Pese a esta innovación y supuesto salto educativo, la obra de Komenski despertó una necesidad social que se mantuvo hasta mediados del siglo XIX: el libro como herramienta pedagógica y moralizante. Así, los textos o cuentos de advertencia cobraron popularidad ya que enseñaban, de una manera rígida, cómo debían comportarse las niñas y niños. Y, para crear un mayor efecto en el receptor, se utilizaba la ilustración como medio atemorizante sobre las consecuencias nefastas que los niños mal portados tendrían que soportar. Para finales del siglo XVIII, ya eran de conocimiento y circulación general, casi obligatorios, para la vida dentro de la sociedad. Tendría que pasar un siglo, hasta finales del XIX, para que los primeros esbozos sobre el concepto de la infancia salieran a la luz y el mundo adulto comprendiera la diferencia e importancia del desarrollo de un niño, traducidos en la creación de obras puramente estéticas como Alicia en el país de las maravillas, La isla del tesoro y, sobre todo, los llamados cuentos de hadas, recopilación de narraciones orales realizadas por Jacob y Willhem Grimm, destinadas a público adulto pero rápidamente adoptadas por los más jóvenes.

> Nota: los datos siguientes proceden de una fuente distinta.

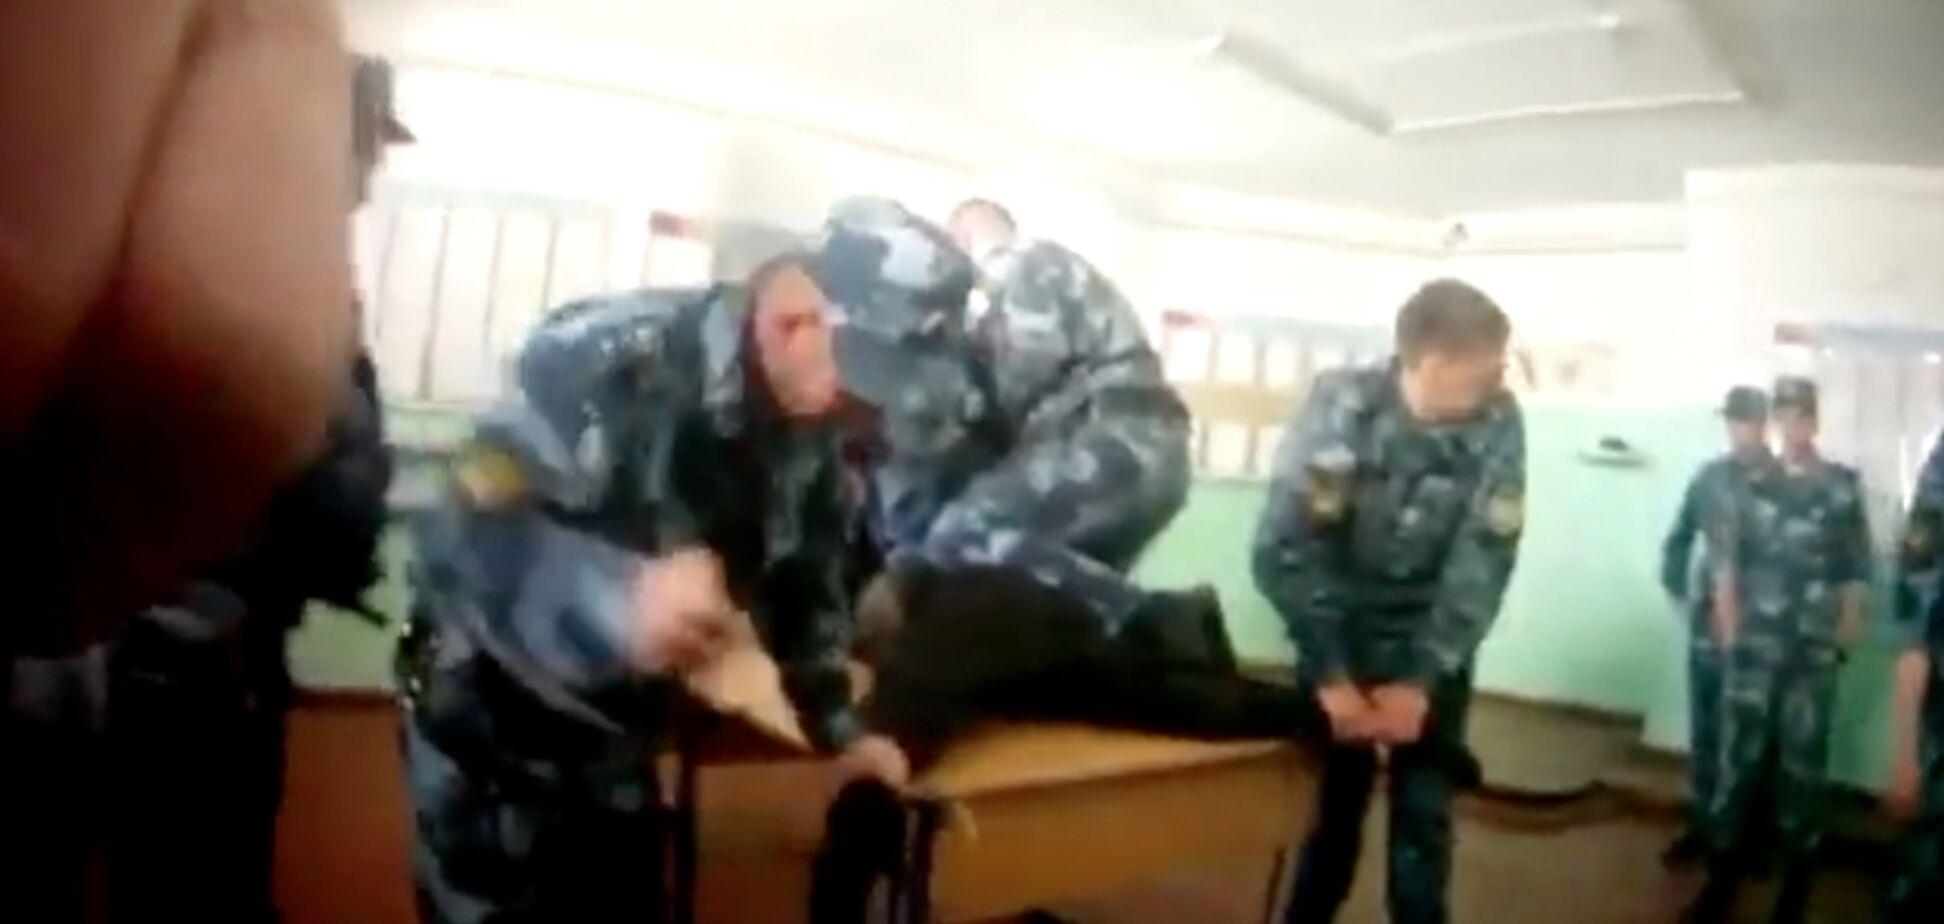 Слабонервным не смотреть: появилось видео жестоких пыток в российской колонии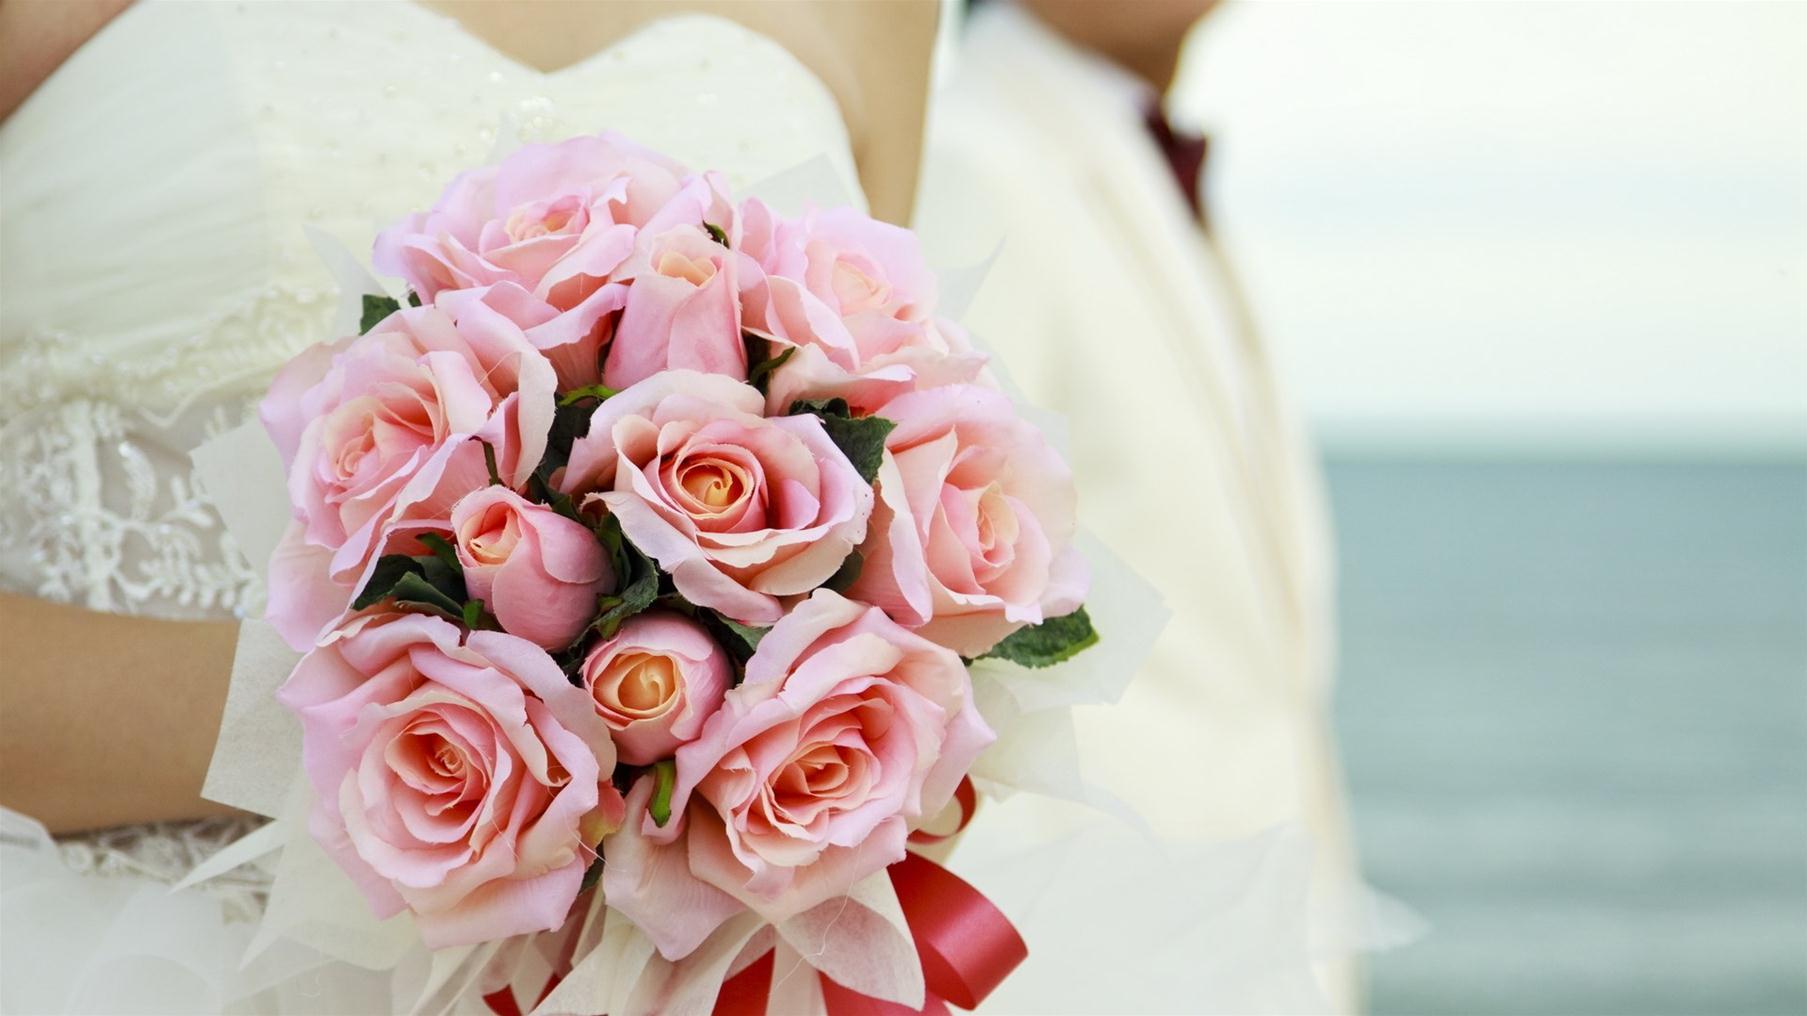 Wedding Flowers - Mr Michaels Florist Bellshill Coatbridge

La técnica como fuente de inspiración

Desde que se concibiera al libro infantil como tal, la ilustración fue desarrollándose, evolucionando, cambiando y enriqueciéndose de técnicas tan diversas como los personajes a los que acompañaban. En un inicio el grabado en madera fue la técnica principal de la ilustración, con exponentes como Thomas Bewick y su representante insigne: Doré. Más tarde, con el negocio editorial establecido y en auge, Inglaterra toma la posta realizando publicaciones de pequeño formato, ediciones cuidadas y finamente trabajadas, esta vez, con la acuarela como técnica predominante y con Beatrix Potter, la autora del icónico personaje infantil Peter Rabbit, a la cabeza.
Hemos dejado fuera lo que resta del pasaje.